▶ AVAILABLE DATA:
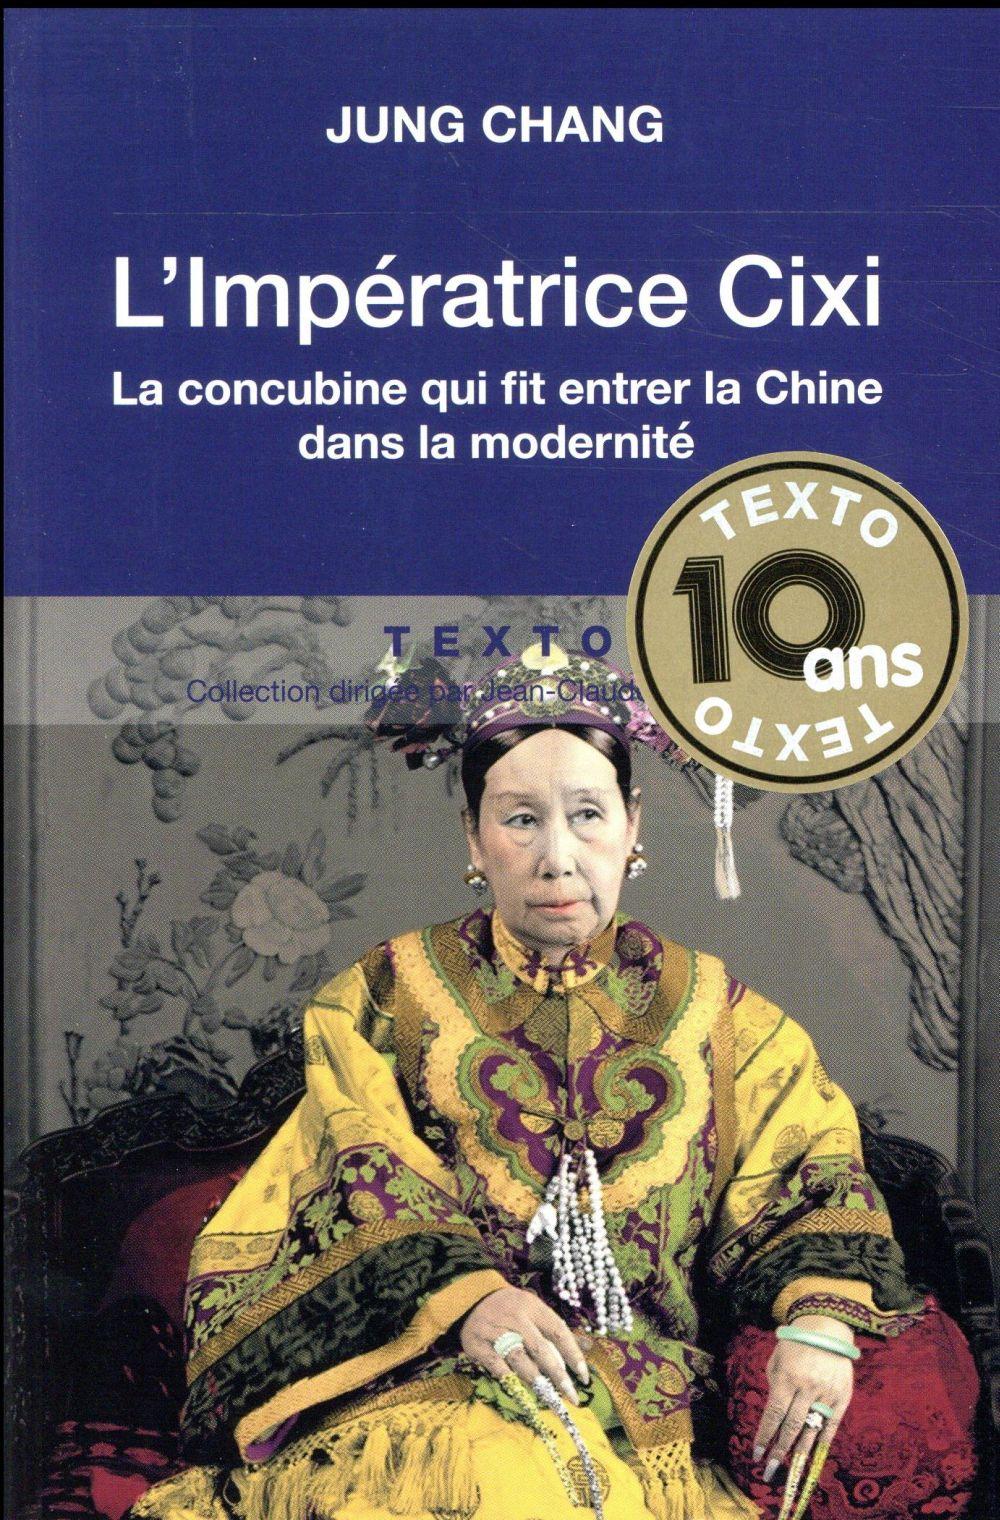 Chang Jung - L IMPERATRICE CIXI. LA CONCUBINE QUI FIT ENTRER LA CHINE DANS LA MODERNITE
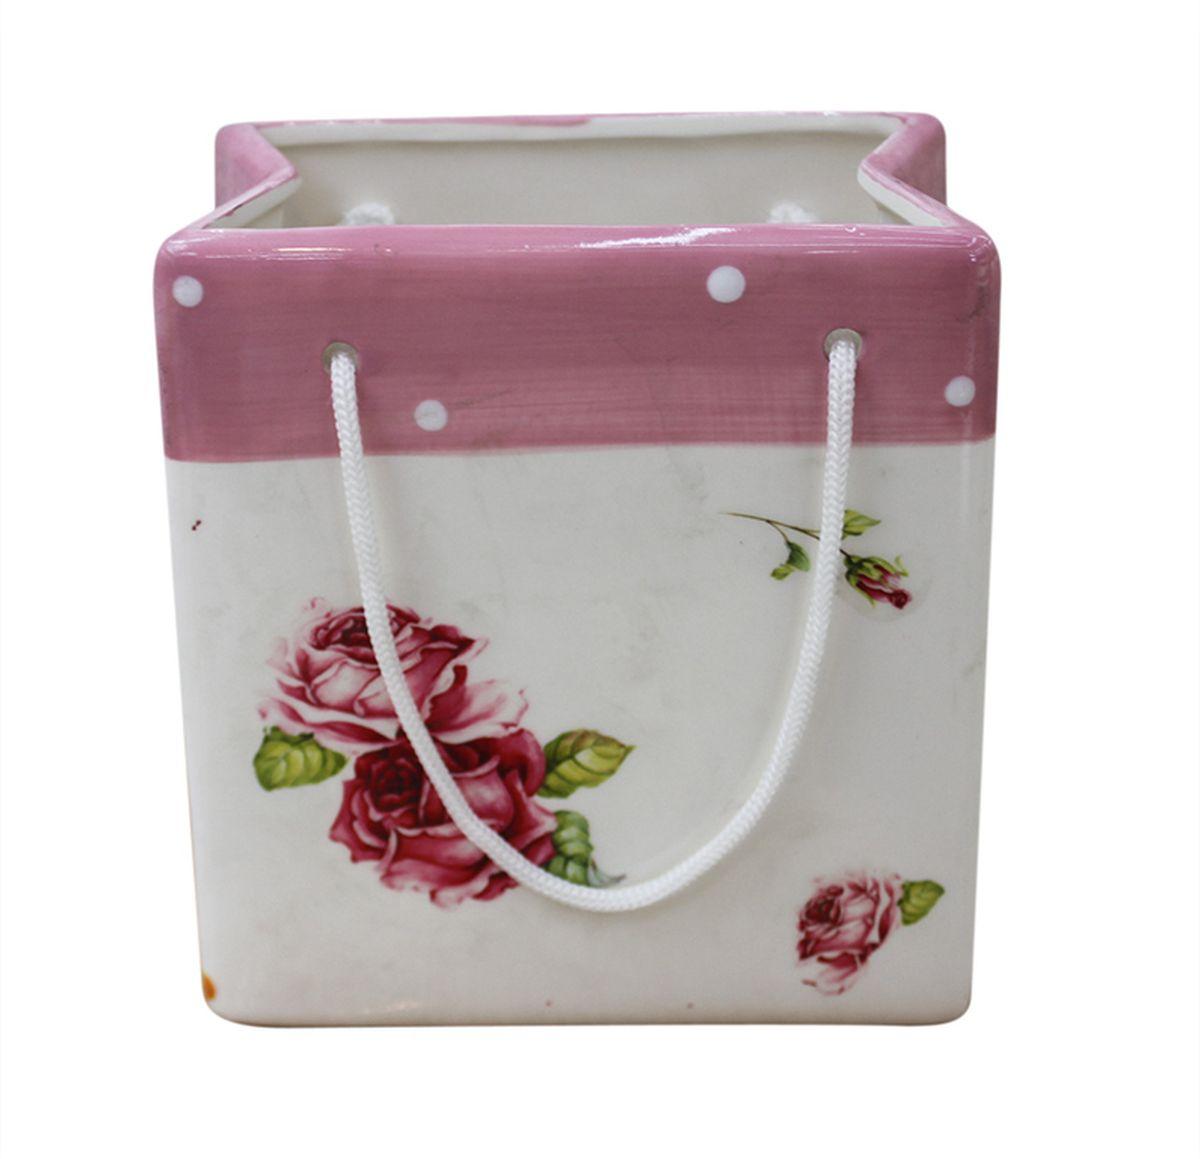 Ваза N/A Пакетик, высота 8,5 смYX12BG38-3RAЭлегантная ваза N/A Пакетик, изготовленная из керамики, выполнена в виде подарочного пакетика с ручками. Такое оформление делает ее изящным украшением интерьера. Ваза N/A Пакетик дополнит интерьер офиса или дома и станет желанным и стильным подарком. Размер вазы: 8 х 5,5 х 8,5 см.
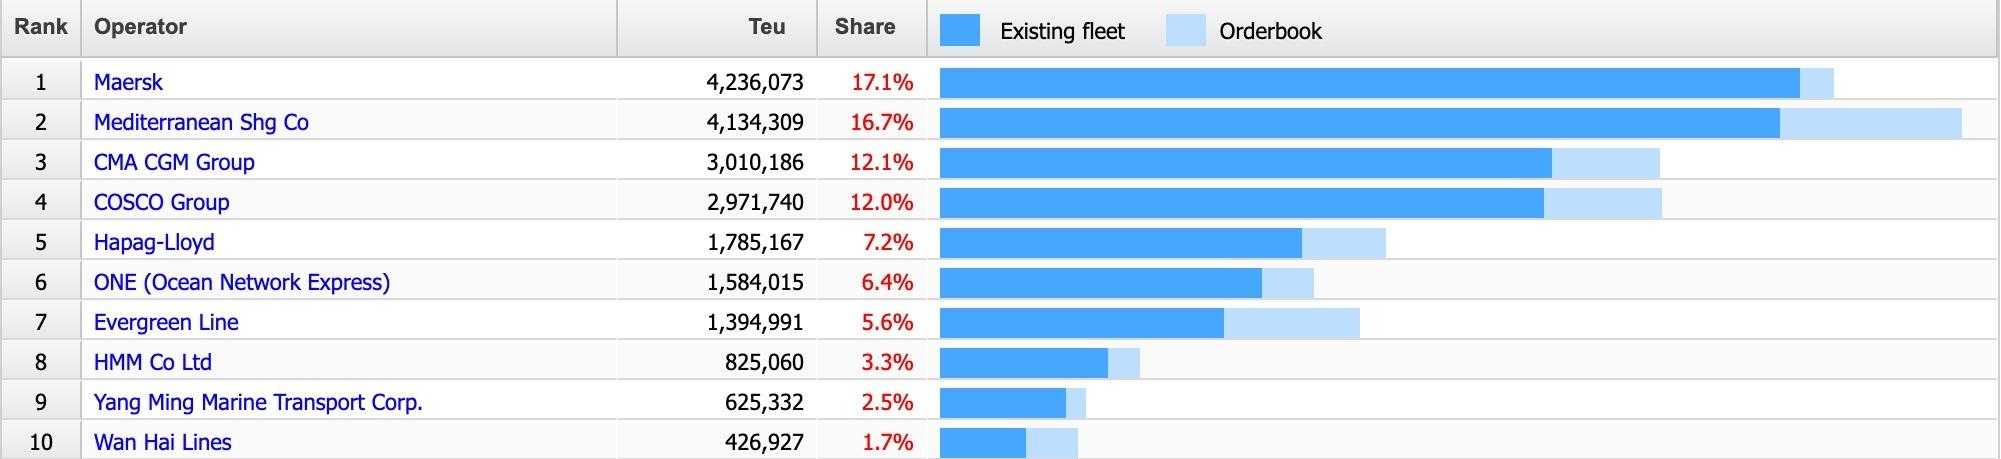 Las diez navieras más importantes del mundo superan los 23.600 millones de euros de beneficios

▶ PROBLEM TO WORK ON: Return the listing verbatim, pictures excluded.

▶ ANSWER TO THE EXERCISE:
 Chang Jung - L IMPERATRICE CIXI. LA CONCUBINE QUI FIT ENTRER LA CHINE DANS LA MODERNITE
 Ваза N/A Пакетик, высота 8,5 смYX12BG38-3RAЭлегантная ваза N/A Пакетик, изготовленная из керамики, выполнена в виде подарочного пакетика с ручками. Такое оформление делает ее изящным украшением интерьера. Ваза N/A Пакетик дополнит интерьер офиса или дома и станет желанным и стильным подарком. Размер вазы: 8 х 5,5 х 8,5 см.
 Las diez navieras más importantes del mundo superan los 23.600 millones de euros de beneficios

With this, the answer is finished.